The TEMPLATE directive is advanced and usually unnecessary unless you are working with a model that uses a non-standard prompt format. The default template is determined by the base model and works correctly in most cases. Changing the template without understanding the base model's expected format can break generation quality.
The ADAPTER directive applies fine-tuning adapters to the base model. If you have trained a LoRA adapter on custom data using tools like Hugging Face's PEFT library, you can apply it through the Modelfile to create a fine-tuned local model. The adapter file must be in GGUF format compatible with the base model's architecture.
Practical Modelfile Examples
A coding assistant Modelfile might use Qwen3 14B as the base with temperature 0.1, context window 16384, and a system prompt that instructs the model to produce clean code with inline comments, follow language-specific conventions, and explain its reasoning before presenting code solutions. This configuration prioritizes accuracy and consistency over creative variety.

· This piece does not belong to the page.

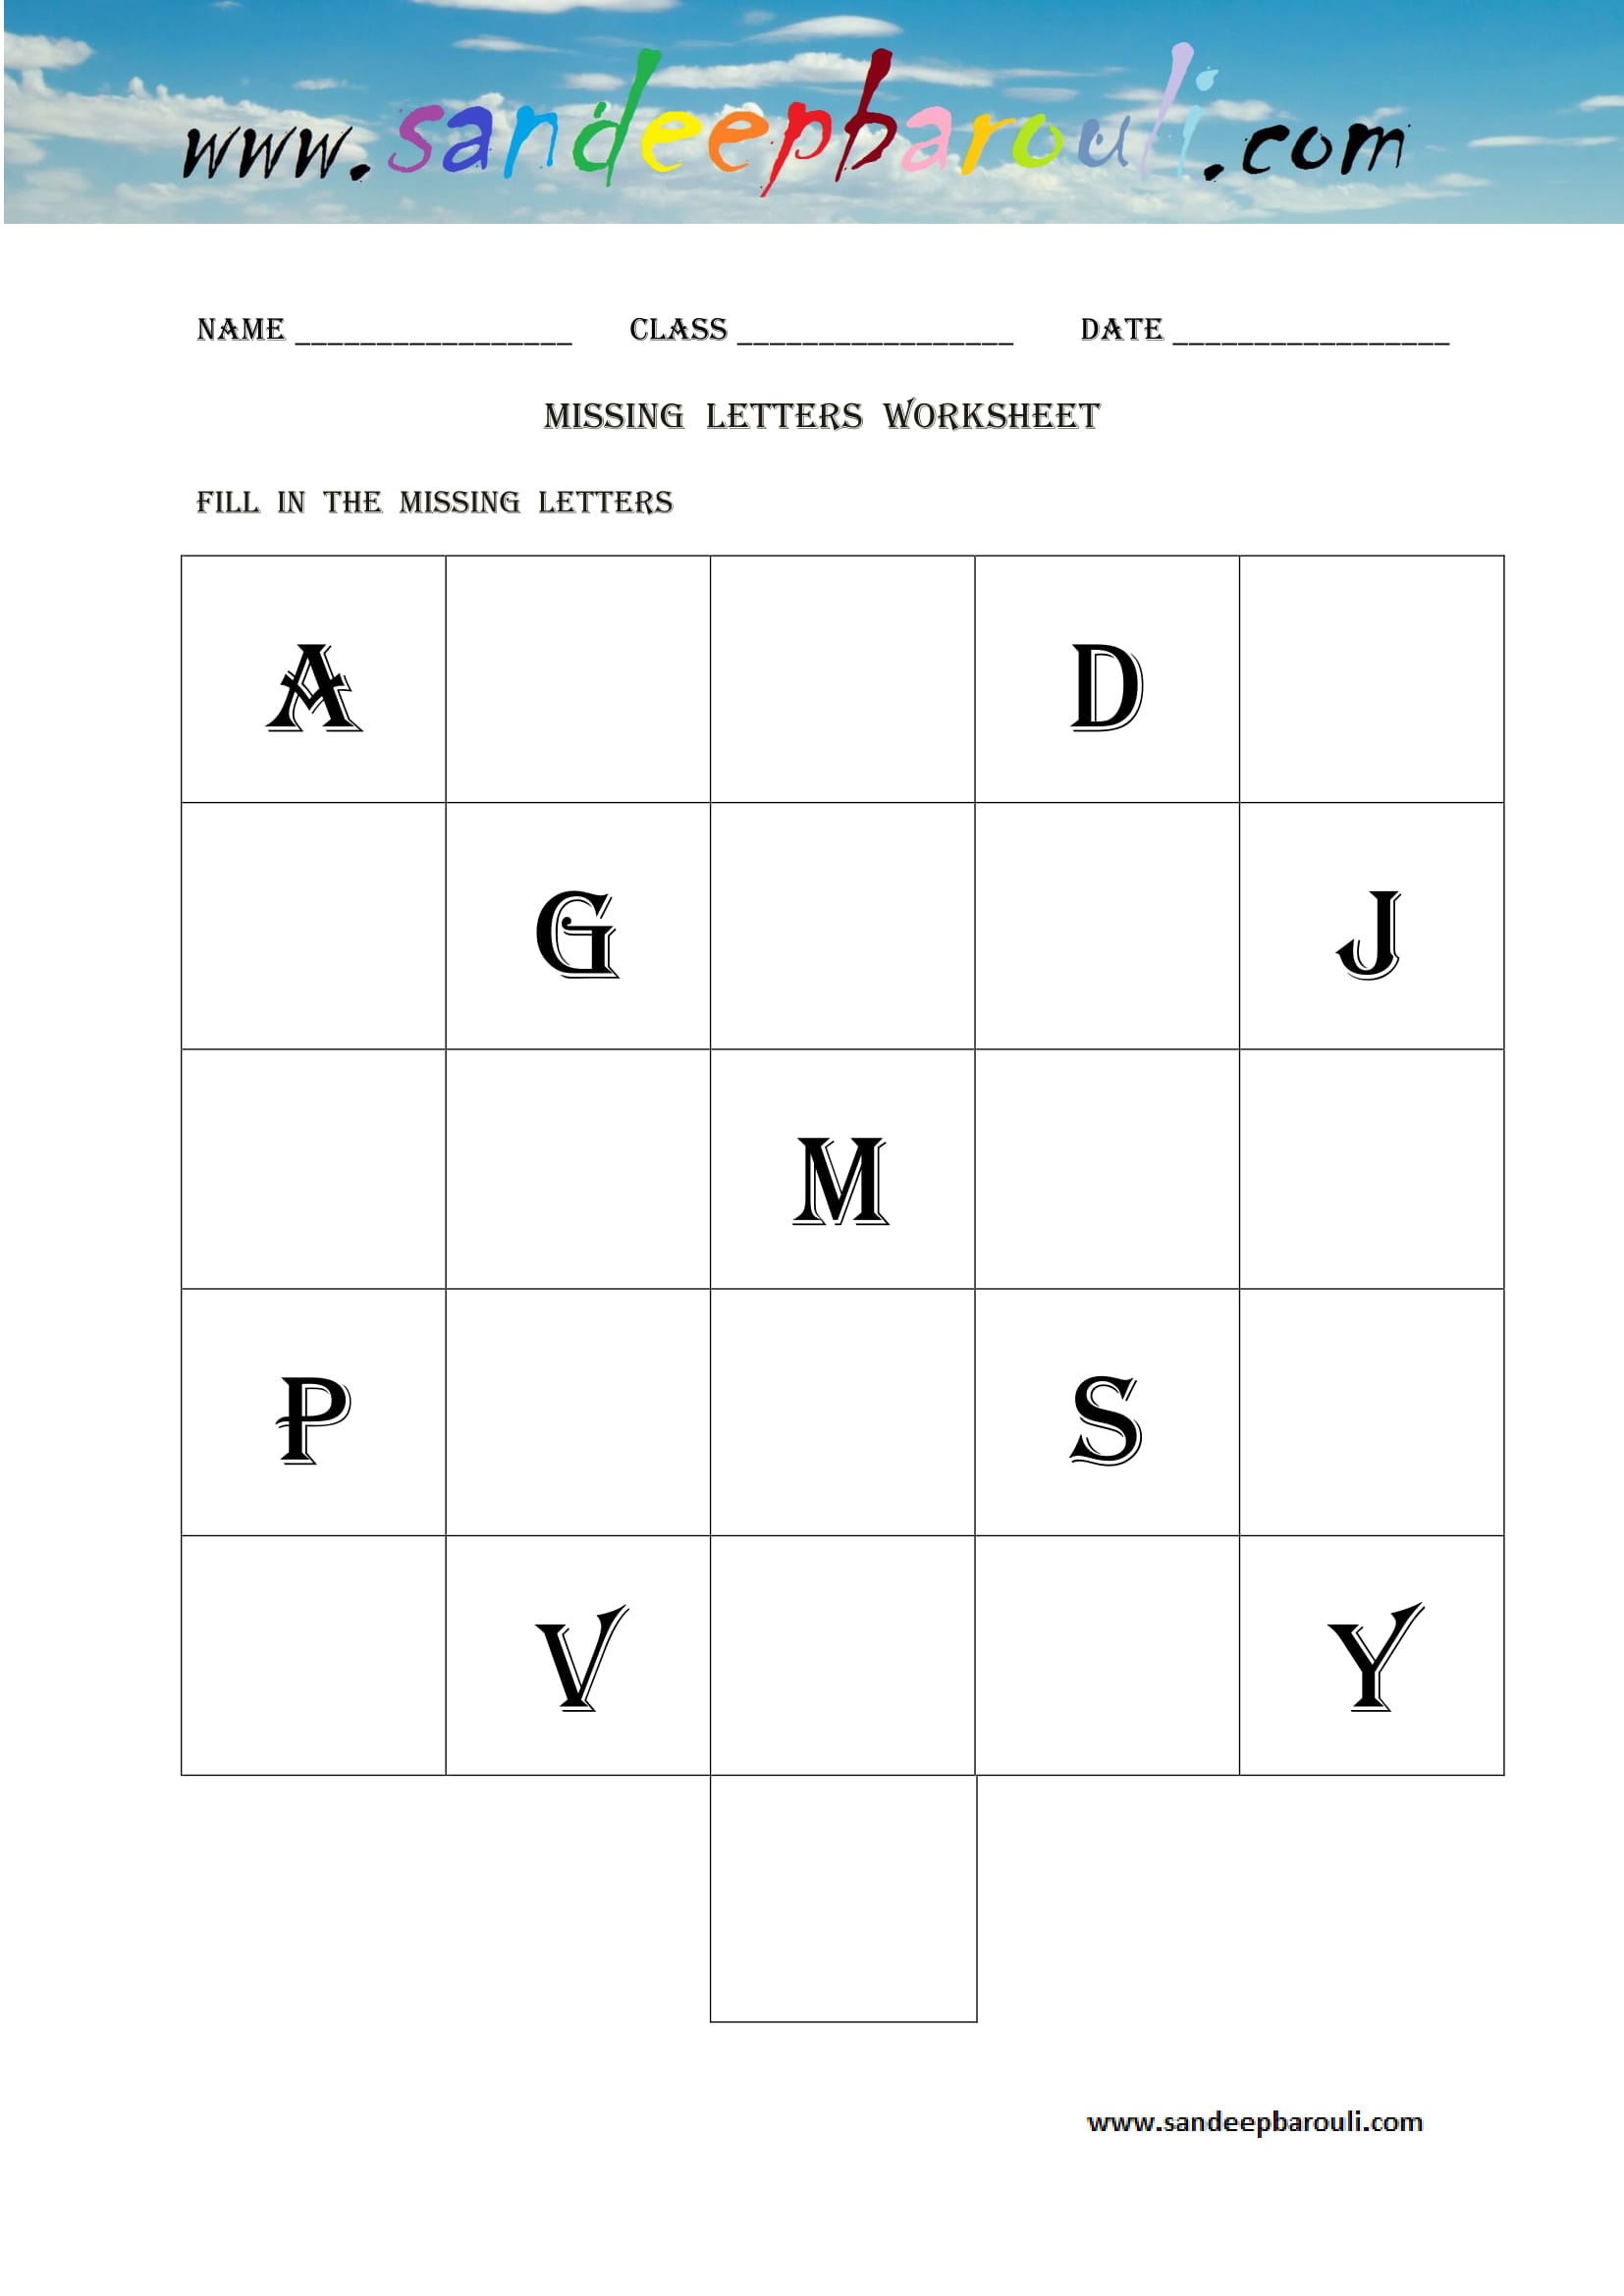 Missing letters Worksheet (3)

A creative writing Modelfile might use Llama 4 Scout as the base with temperature 0.9, top_p 0.95, repeat_penalty 1.1, and a system prompt that describes the model as a skilled fiction author who creates vivid descriptions, develops complex characters, and maintains consistent narrative voice. This configuration encourages diverse, engaging output.

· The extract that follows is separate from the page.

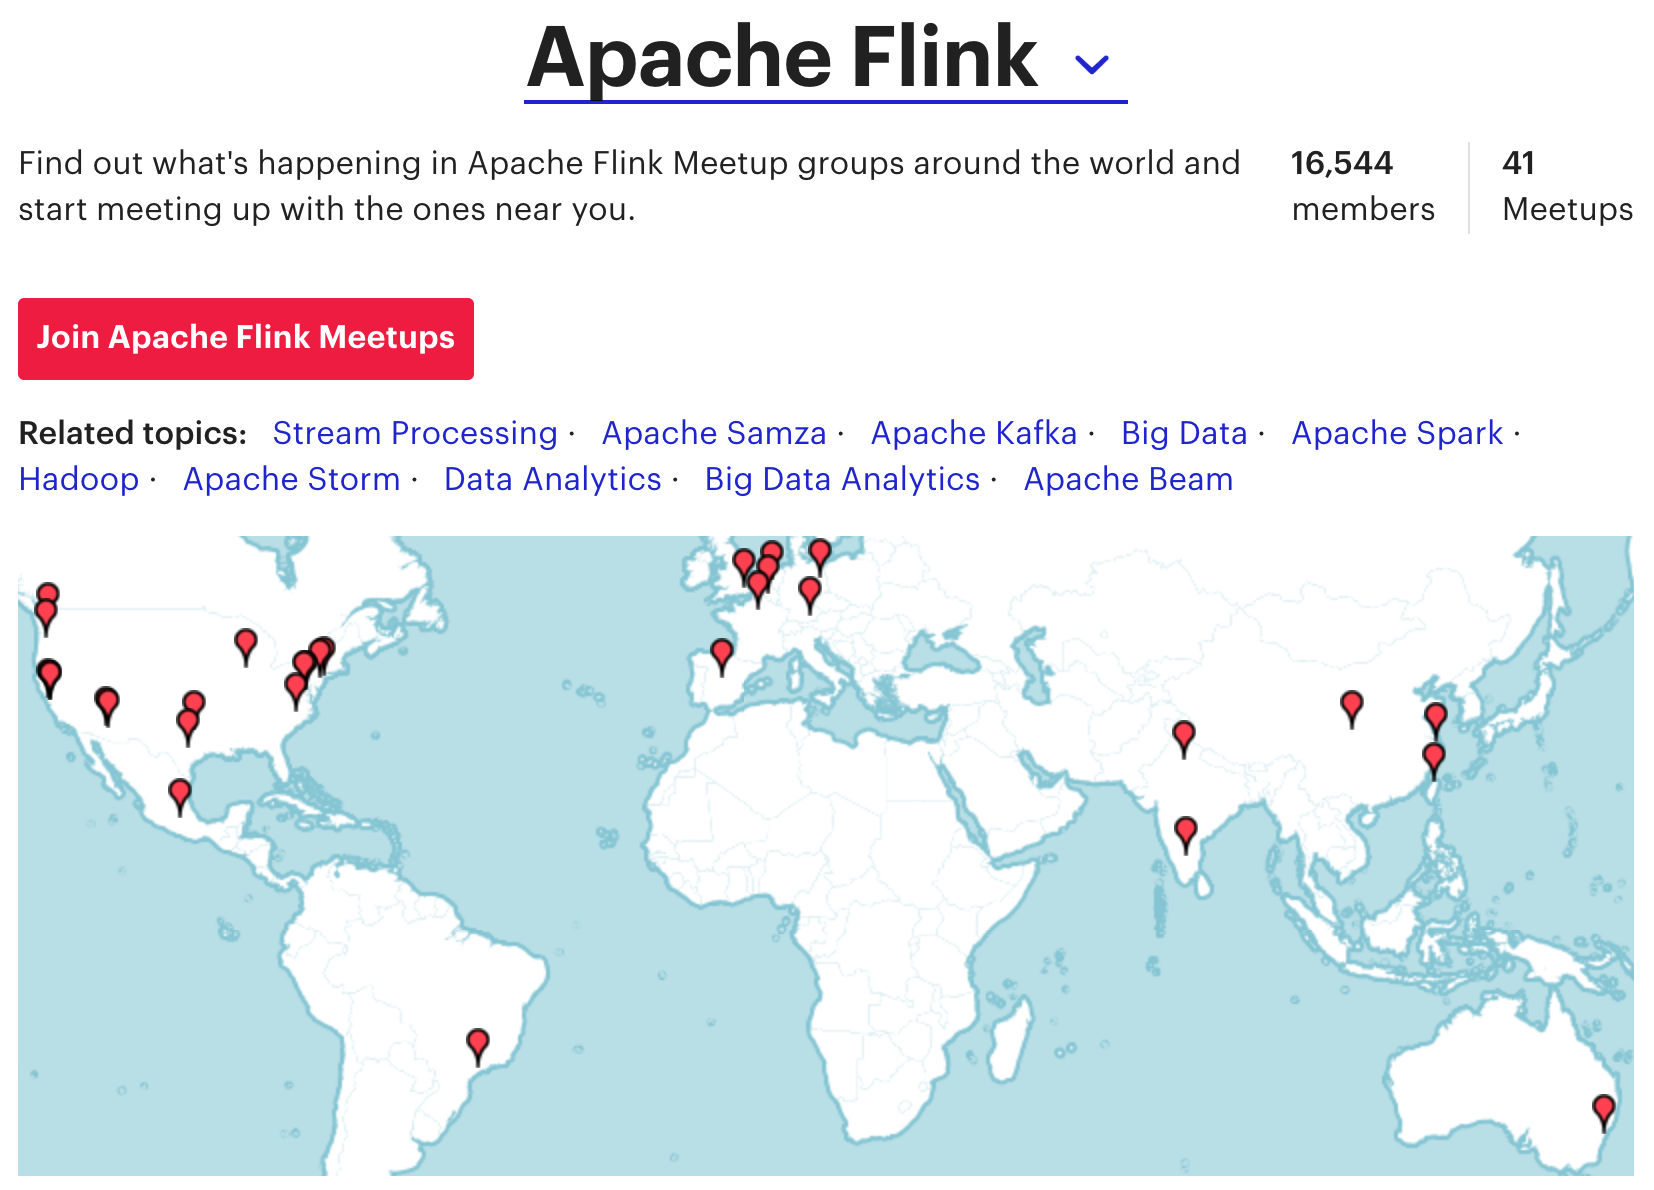 Apache Flink Meetup Map

A data analysis Modelfile might use DeepSeek-R1 14B as the base with temperature 0.3 and a system prompt that instructs the model to think step by step, show calculations, cite data sources, and present findings in structured formats with clear conclusions. This leverages DeepSeek-R1's reasoning strengths for analytical tasks.
Modelfiles let you create unlimited custom model configurations by combining base models with specific parameters and system prompts. The system prompt is the most impactful customization, and rapid iteration through edit-build-test cycles lets you refine model behavior precisely for your needs.